Tobias Zielony, Philip Rizk

gallery

A colonial landscape

>25.11.2015–23.01.2016
Exhibition view, Tobias Zielony, “A colonial landscape“, 2015, © Rainer Iglar

FOTOHOF is showing a joint project by Tobias Zielony and Philip Rizk, both of whom represented Germany at this year’s Venice Biennale. Developed in Ramallah in autumn 2013, this is Zielony’s photographic study of the extremely precarious political situation in Palestine. His first explicit landscape work is all about the West Bank as a place where conflict rages over land, water, and infrastructure, but also questions of identity.
The title of the exhibition is based on the textual work by Philip Rizk entitled “A Colonial Landscape“. At Tobias Zielony’s request, the German-Egyptian filmmaker and author Philip Rizk created a text to accompany the photographs that has been incorporated into the exhibition as a literary work in its own right. The text, written independently of the photographic works, addresses what is often merely subtly hinted at in Tobias Zielony’s photographs: namely, seeking out the stories of individual people inseparably linked with a form of neo-colonisation that individualises the region’s inhabitants through consumerism and loans, undermining any sense of political solidarity.

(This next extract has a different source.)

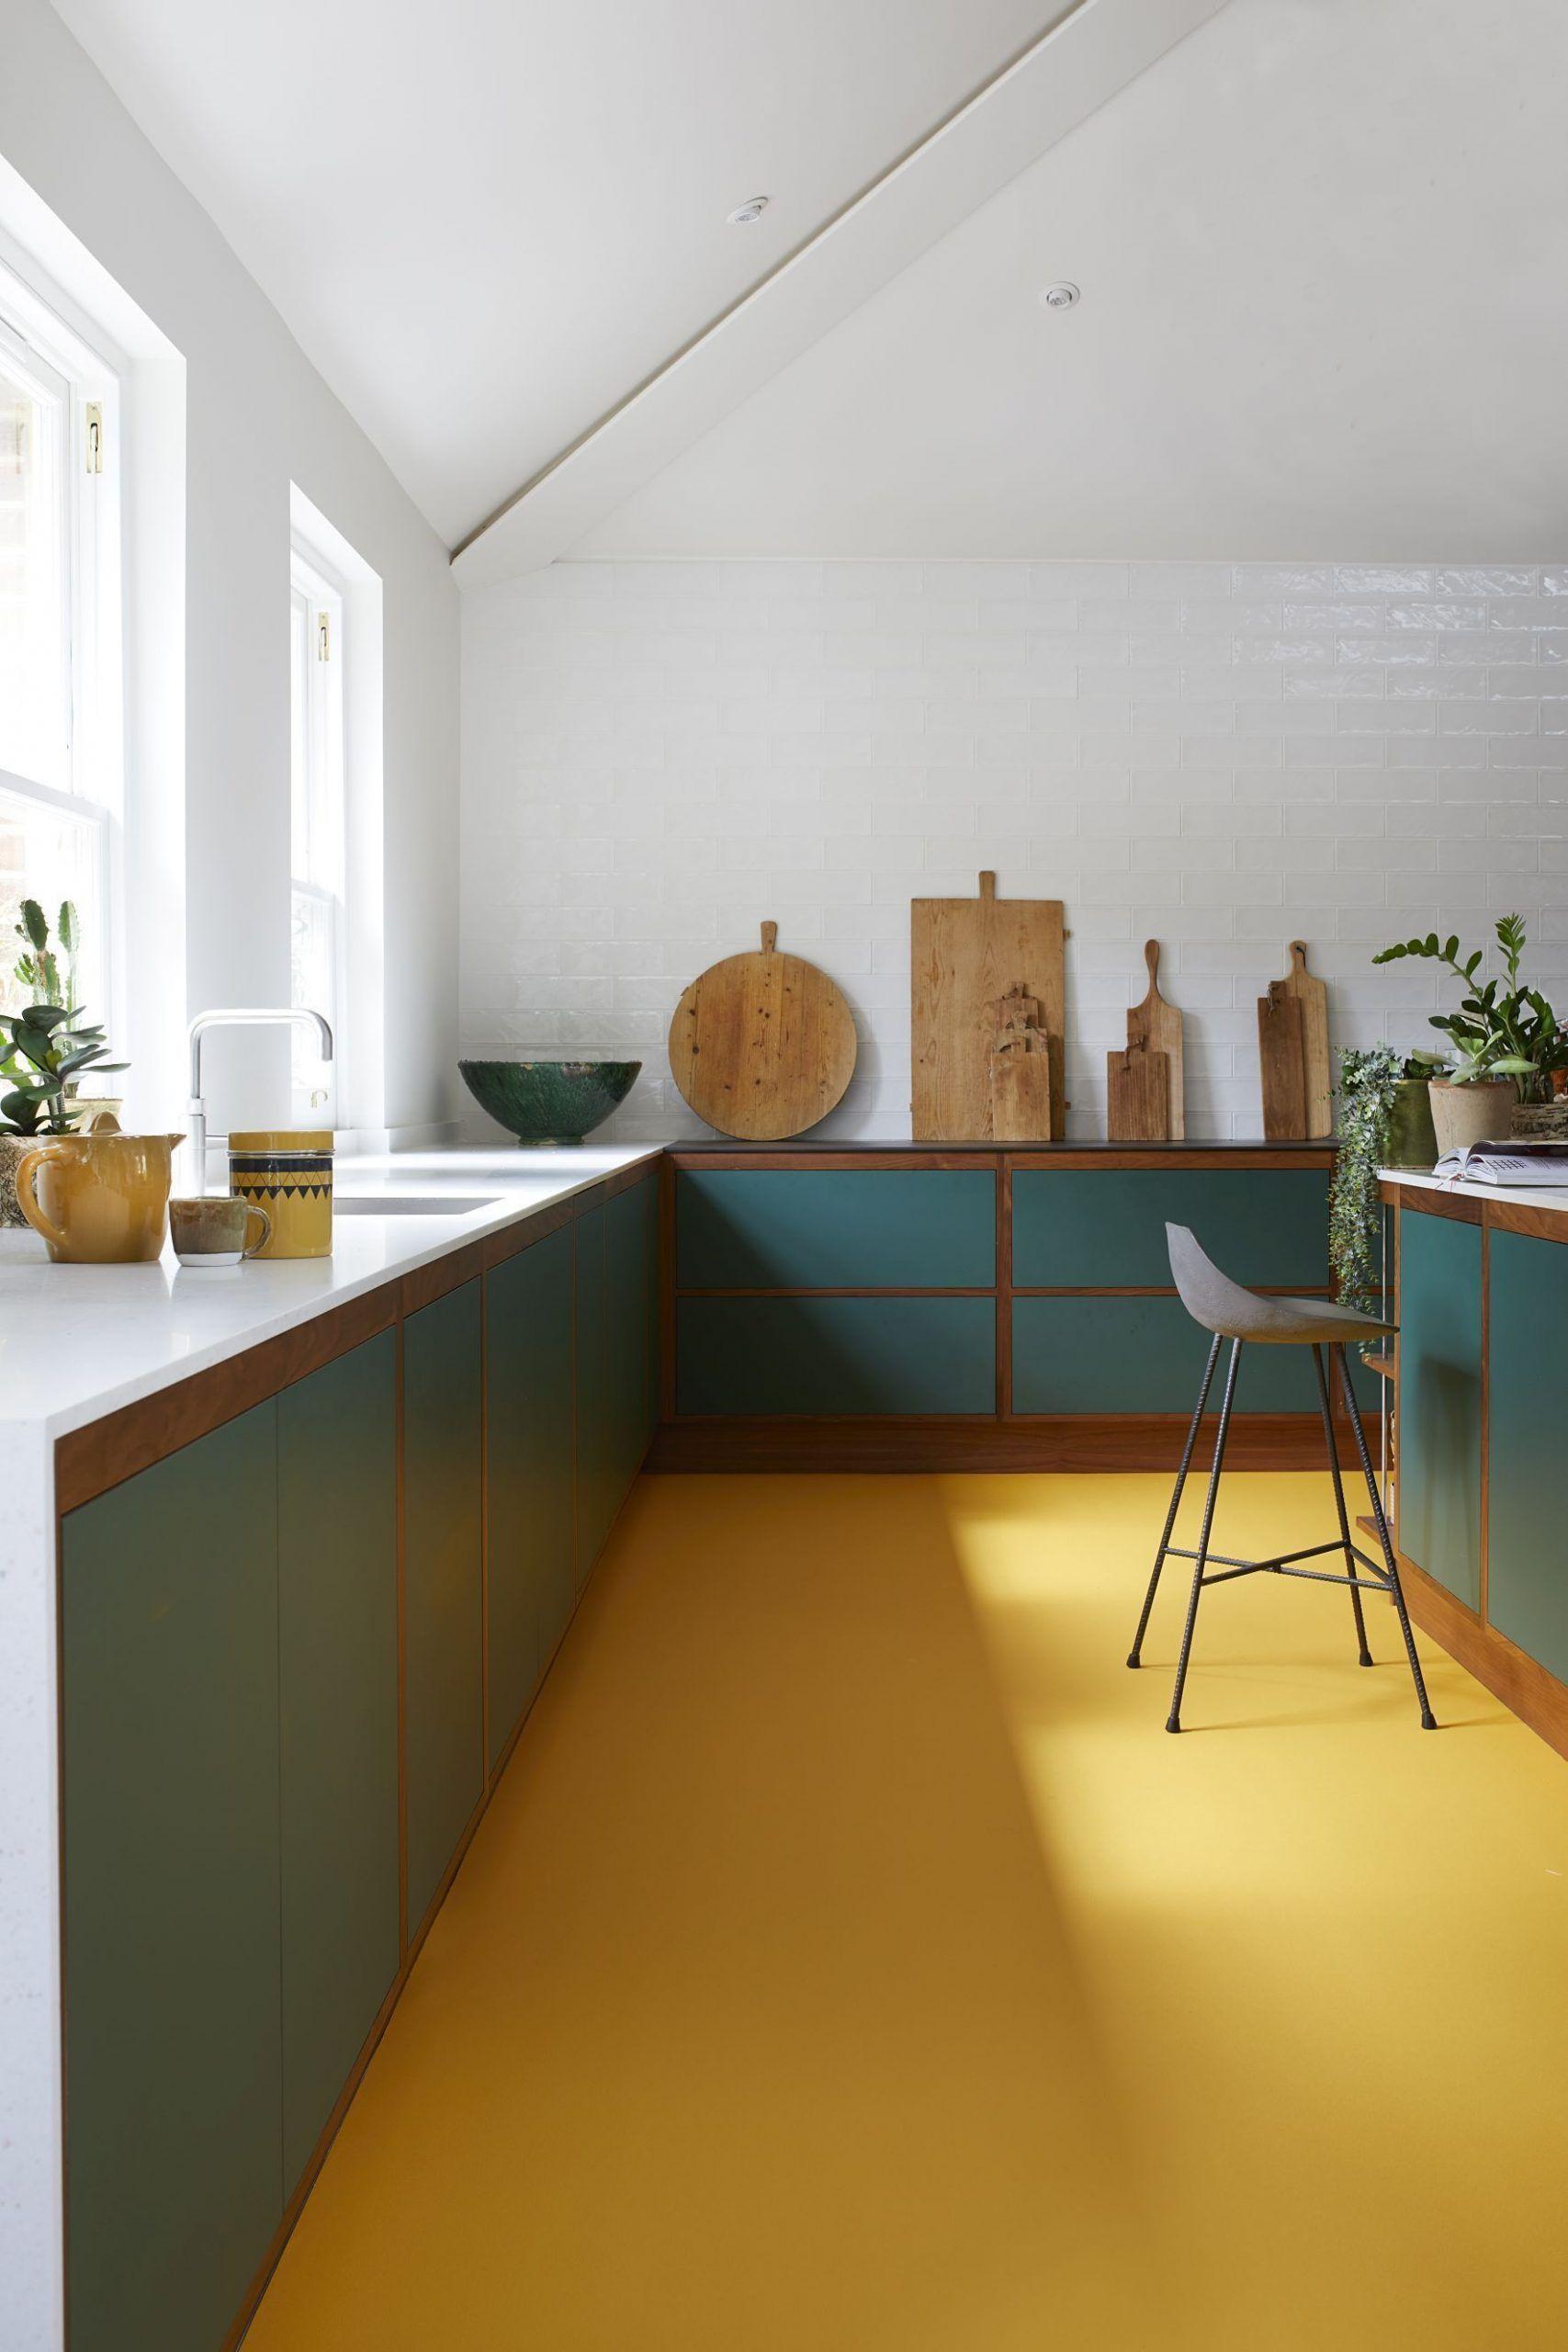 Welcome to the blog bold orange kitchen decor ideas - decorars.com
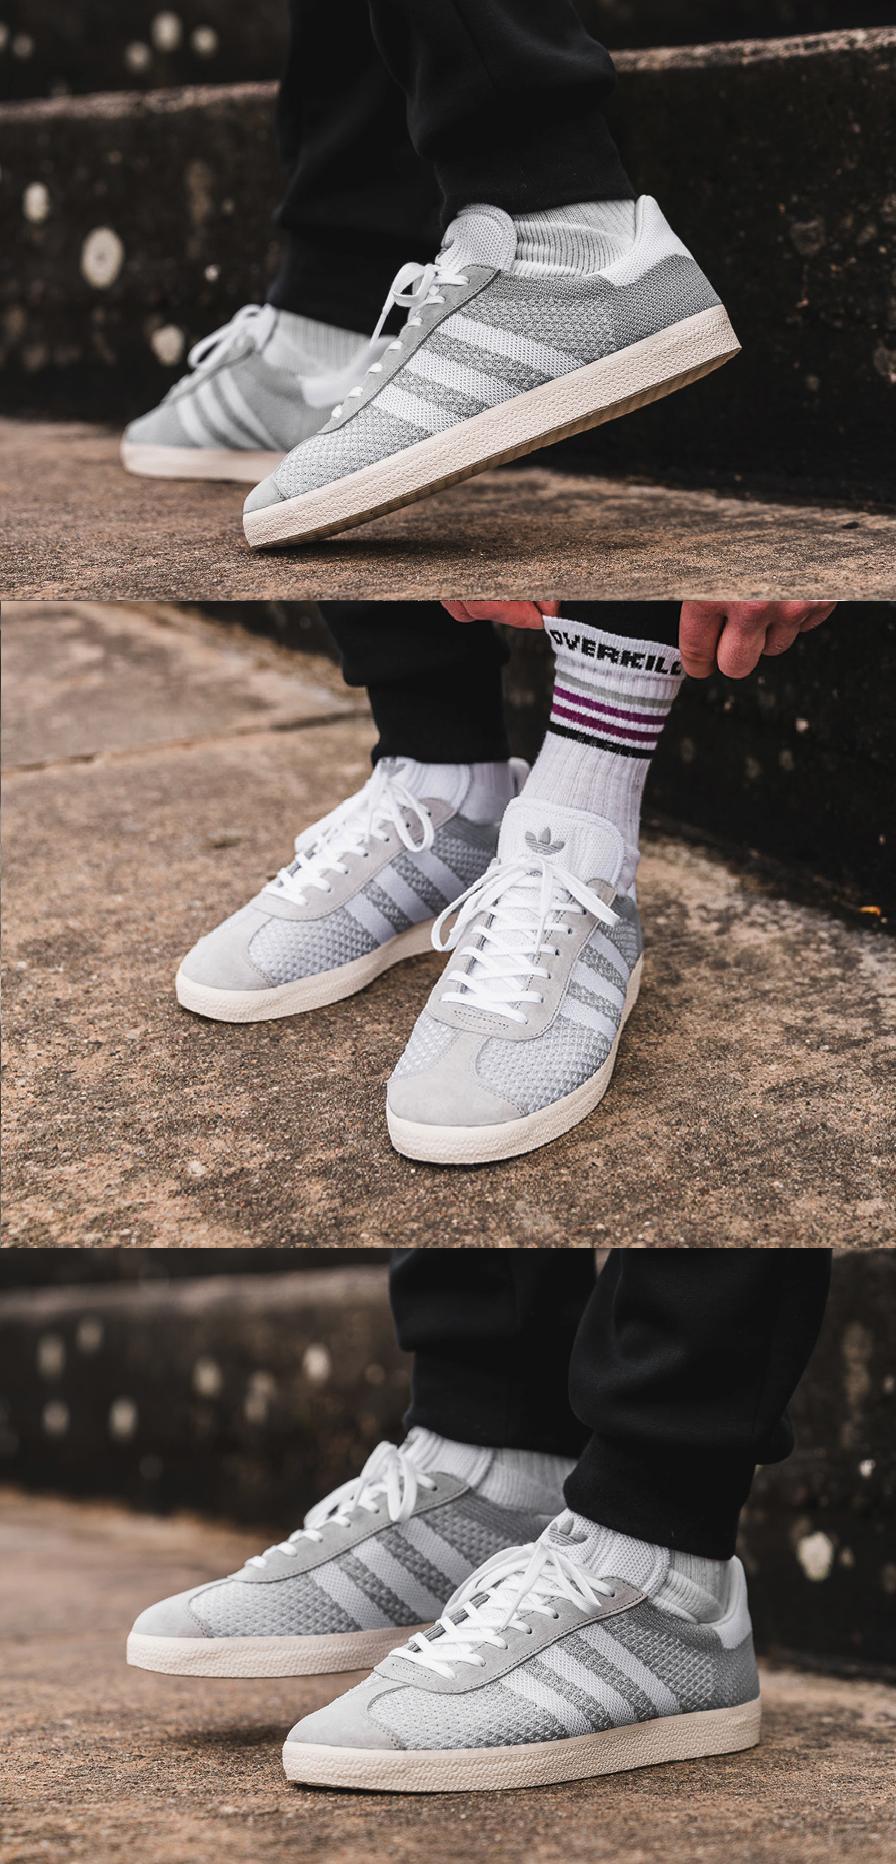 #Adidas #Gazelle #Primeknit #Clear #Onix http://www.

Tobias Zielony, "Untitled", from the series: “A Colonial Landscape“, 2013, Pigment Print, 56,4 x 83 cm, Courtesy KOW Berlin

Philip Rizk, who works as a freelance filmmaker and author in Cairo, wrote the essay entitled 2011 is not 1968: A letter to an onlooker, which appeared in a number of publications. Between 2011 and 2013 he was an active member of the non-profit media collective Mosireen. In his latest feature film “Barra fi l shara“ (Out on the Street), completed in 2015 in collaboration with Jasmina Metwaly, he addressed socio-critical issues such as corruption, police violence and workers’ rights in Egypt through nine non-professional actors. For his work at FOTOHOF the artist has turned his encounters with inhabitants of the West Bank and his own personal experiences, jotted down as diary entries, into a literary sound installation.